The authors discuss in their writing that many known risk factors like white race, light skin and eye color suggest an important role of UV light exposure in UM pathogenesis. Photo: Amy Bade, OD. Click image to enlarge.

The most common primary intraocular cancer in adults is uveal melanoma (UM); however, it remains a relatively rare malignancy. Even rarer is its presentation in a younger population, thus currently attributing to the lack of risk factors specified for UM in adolescents and young adults. A retrospective study recently published in Ophthalmology Science addresses just this problem, analyzing demographics, genetic data, environmental exposures as well as social, medical and ocular history of UM patients to determine risk factors of younger populations.

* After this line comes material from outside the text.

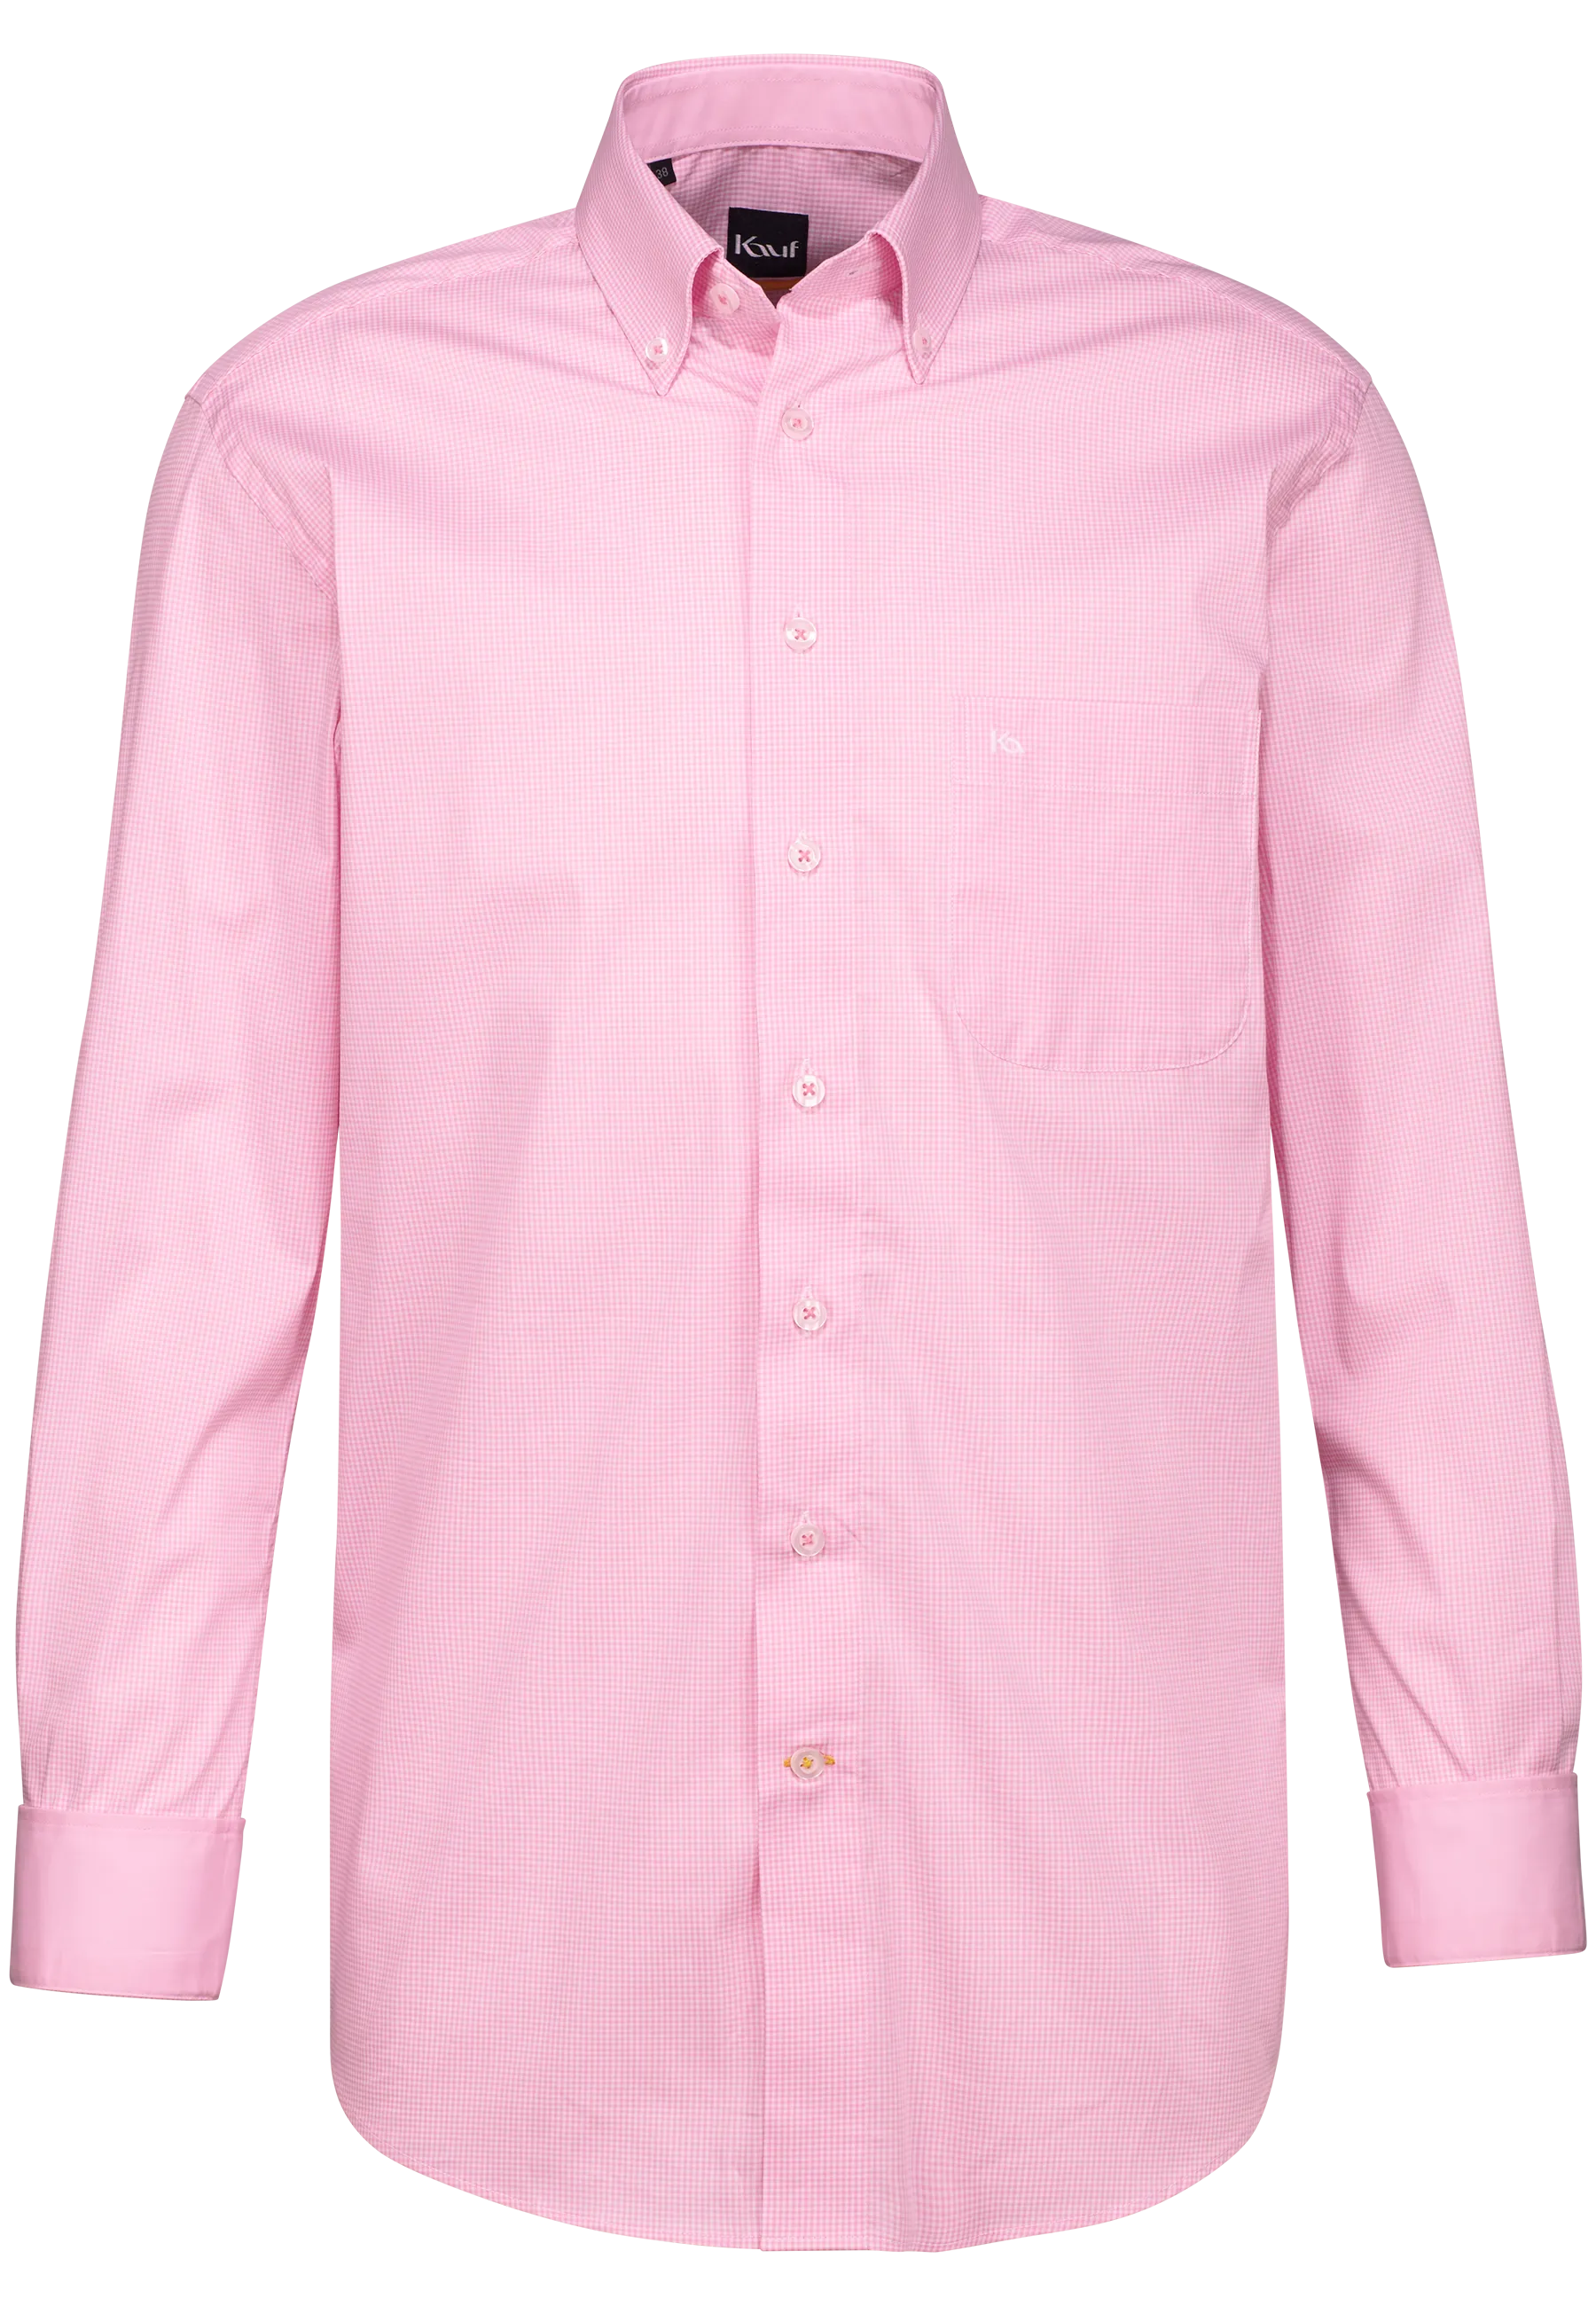 hemd rosa gemustert

Included in the investigation was a total of 247 UM patients aged 13 to 45 treated with proton beam radiation therapy and 401 age- and sex-matched controls. Median age at diagnosis was 38, with a median follow-up of 102 months. 

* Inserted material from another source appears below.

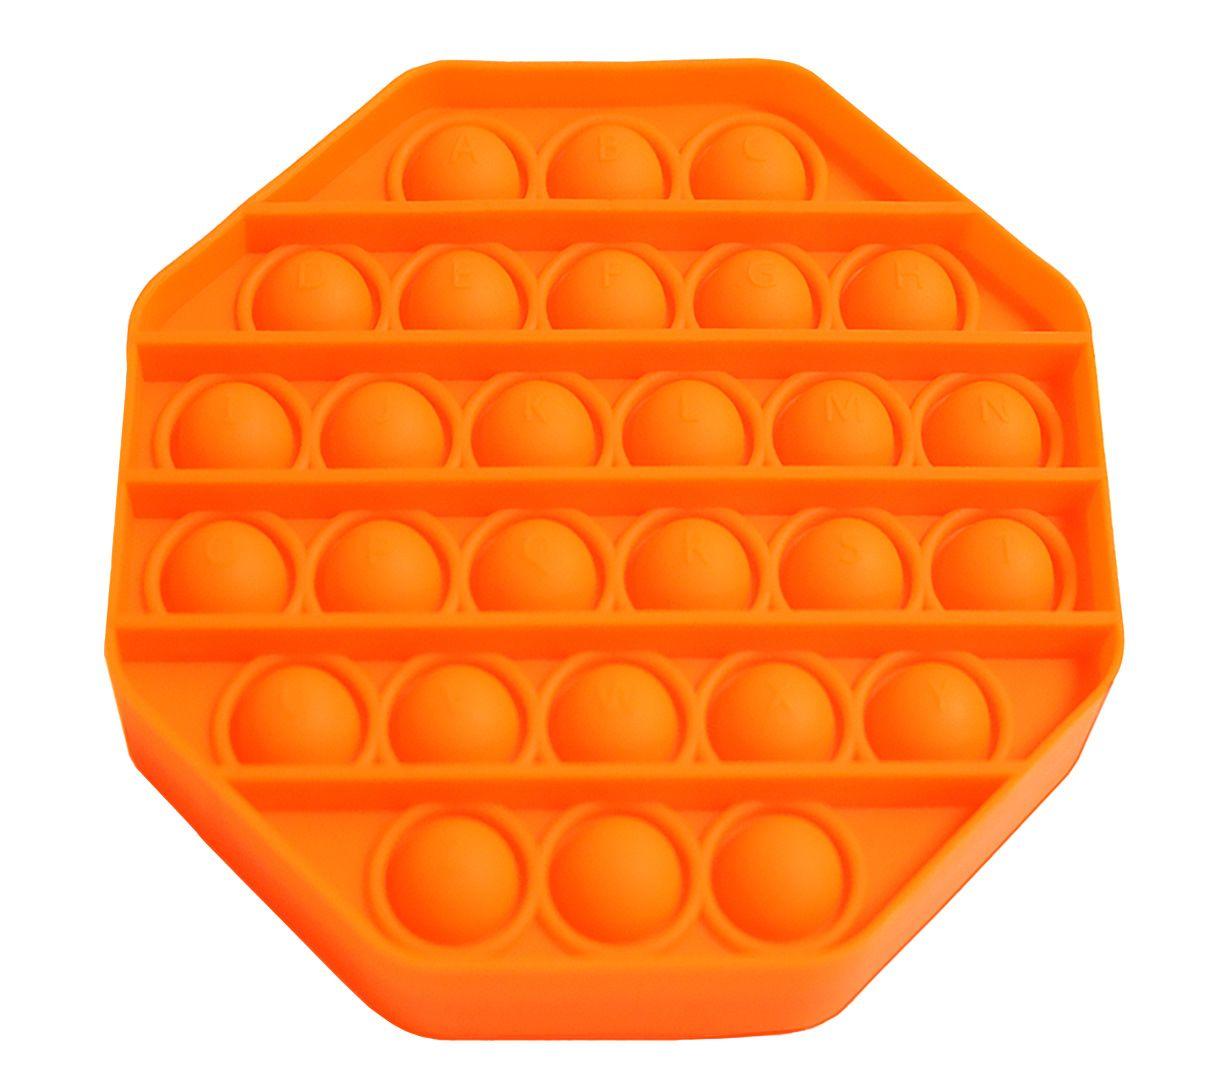 Zabawka sensoryczna PopIt antystresowa w kształcie oktagonu - pomarańczowa

Many novel risk factors were identified by the study authors, listed below with the odds ratio (OR) for each:

• family history of cutaneous melanoma (OR 3.06)
• Ashkenazi Jewish ancestry (OR 2.98) 
• prior eye trauma (OR 2.94)
• secondhand cigarette smoke exposure (OR 2.39) 

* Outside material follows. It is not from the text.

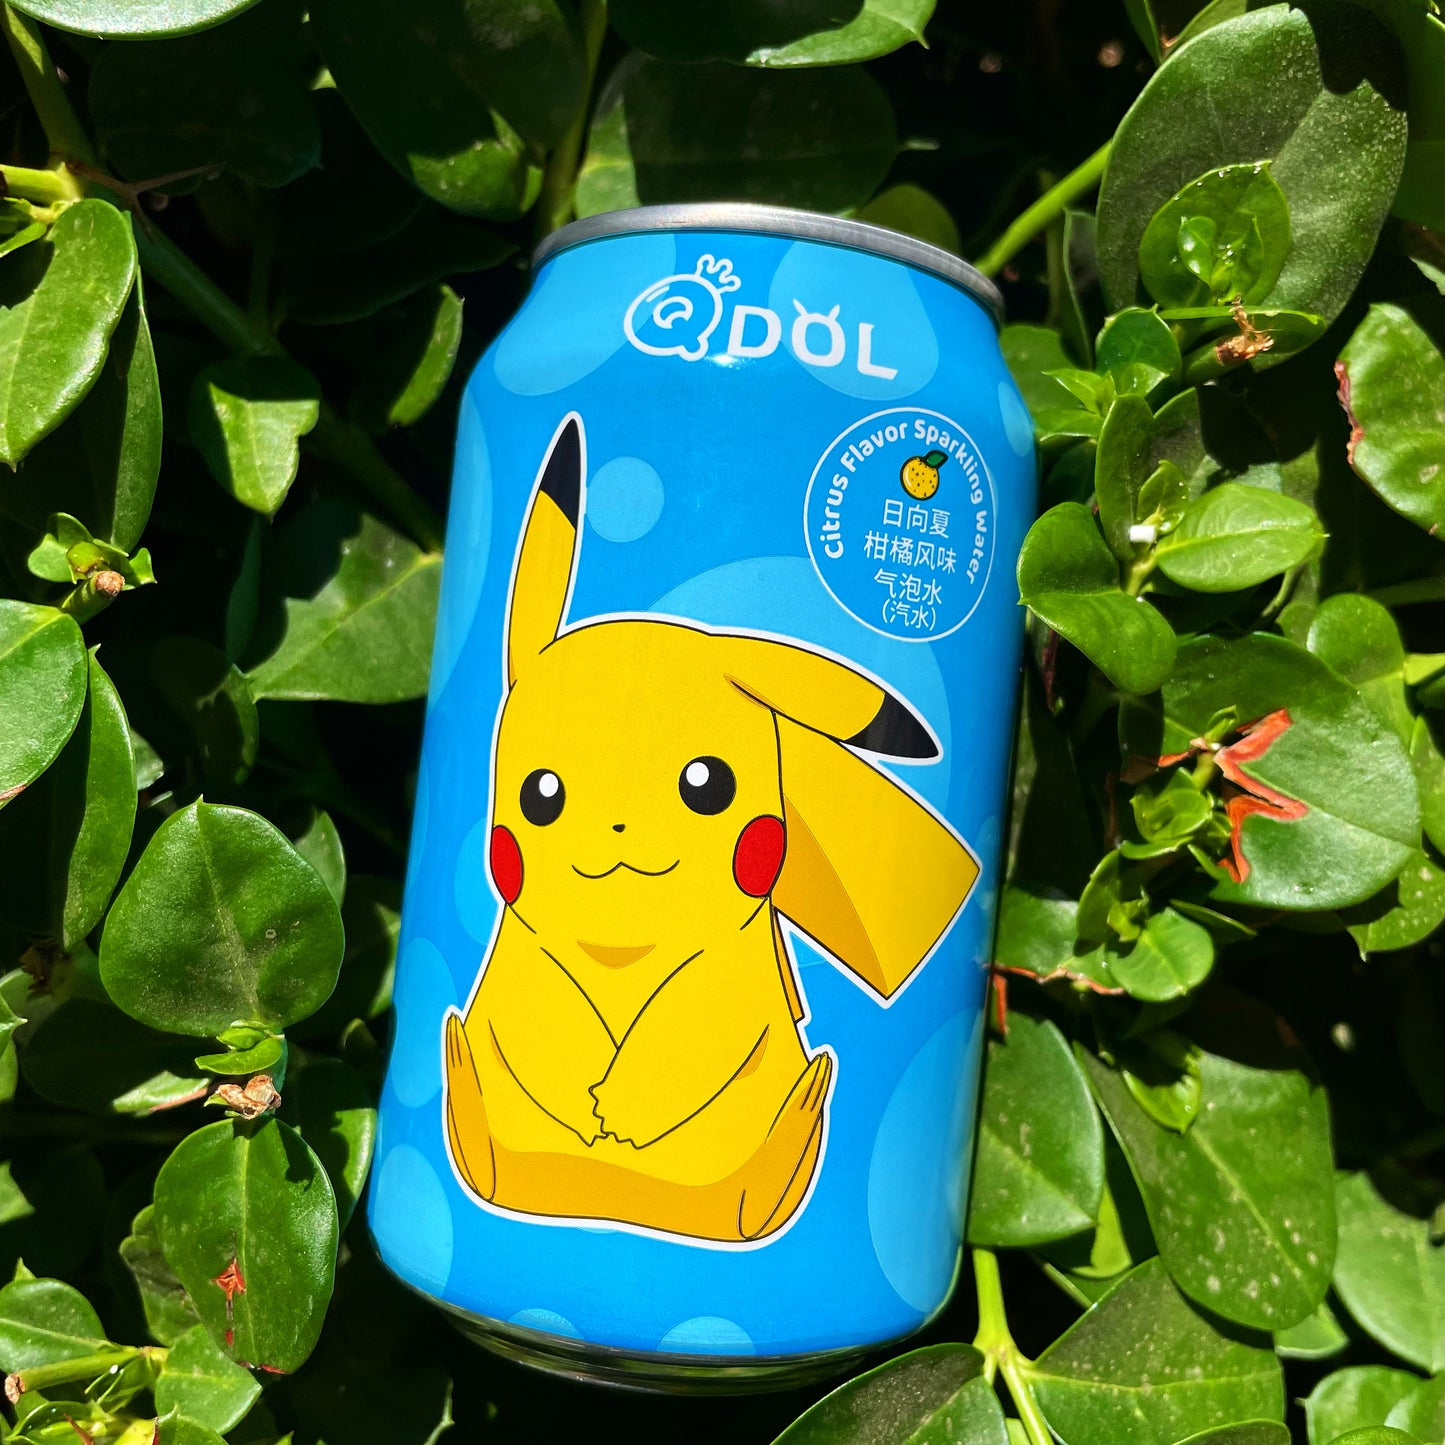 QDOL Pikachu Citrus Sparkling Water (Taiwan)

• previous head and neck surgery (OR 1.81)

Along with these new observations, the present study also assessed established risk factors, too:

• choroidal nevi (OR 11.39)
• light eye color (OR 4.69)
• white race (OR 4.63)
• outdoor sunlight exposure (OR 4.20)
• recent pregnancy (OR 3.02) 
• occupational and toxic exposures (OR 2.39 and 2.27, respectively) 
• family history of any cancer (OR 2.16)
• lack of using ultraviolet-blocking eyewear (OR 2.13)
•  indoor tanning (OR 2.10) 

• propensity to sunburn (OR 1.89)

It was found that oculodermal melanocytosis prevalence and UM in family history were significantly greater in this set of patients than controls. UM classification was small in 39%, medium-sized in 37%, large in 19% and very large in 5%. Three mutations of genes were identified from 13 patients who underwent germline genetic screening, with mutations in genes CDH1, NF1 and PALB2. However, the estimated 10-year metastasis-free progression rate and overall survival rates were better for this younger group than average adult populations, with rates of 80% and 81%, respectively, compared with the more general rates of 73% and 55%.

The authors further discuss some risks in their writing. Of interest was the novel finding of eye trauma. They note that there was no clinical difference seen in surveillance pattern for patients with prior eye trauma before diagnosis of UM. Because of this, “considering an increased chance of developing UM observed in our UM patients, obtaining a comprehensive ocular history is warranted at routine eye exams and initial ocular oncology evaluations,” the authors write.

They also explain that incidence of multiple primary malignancies was greater in this patient population (15%) vs. those of the general cancer population (2.4% to 8%). Because of the germline mutations seen in certain genes, which are often associated with hereditary malignancies, the authors also recommend “thorough characterization of the family cancer tree and genetic testing may be warranted in adolescents and young adults with newly diagnosed UMs to inform the necessity of screening for other malignancies.”

This leads them to the more general advice that, “given multiple risk factors that have been identified in association with UM, our study highlights the importance of obtaining a complete medical, social and family history as a risk assessment to evaluate all patients at risk for UM.”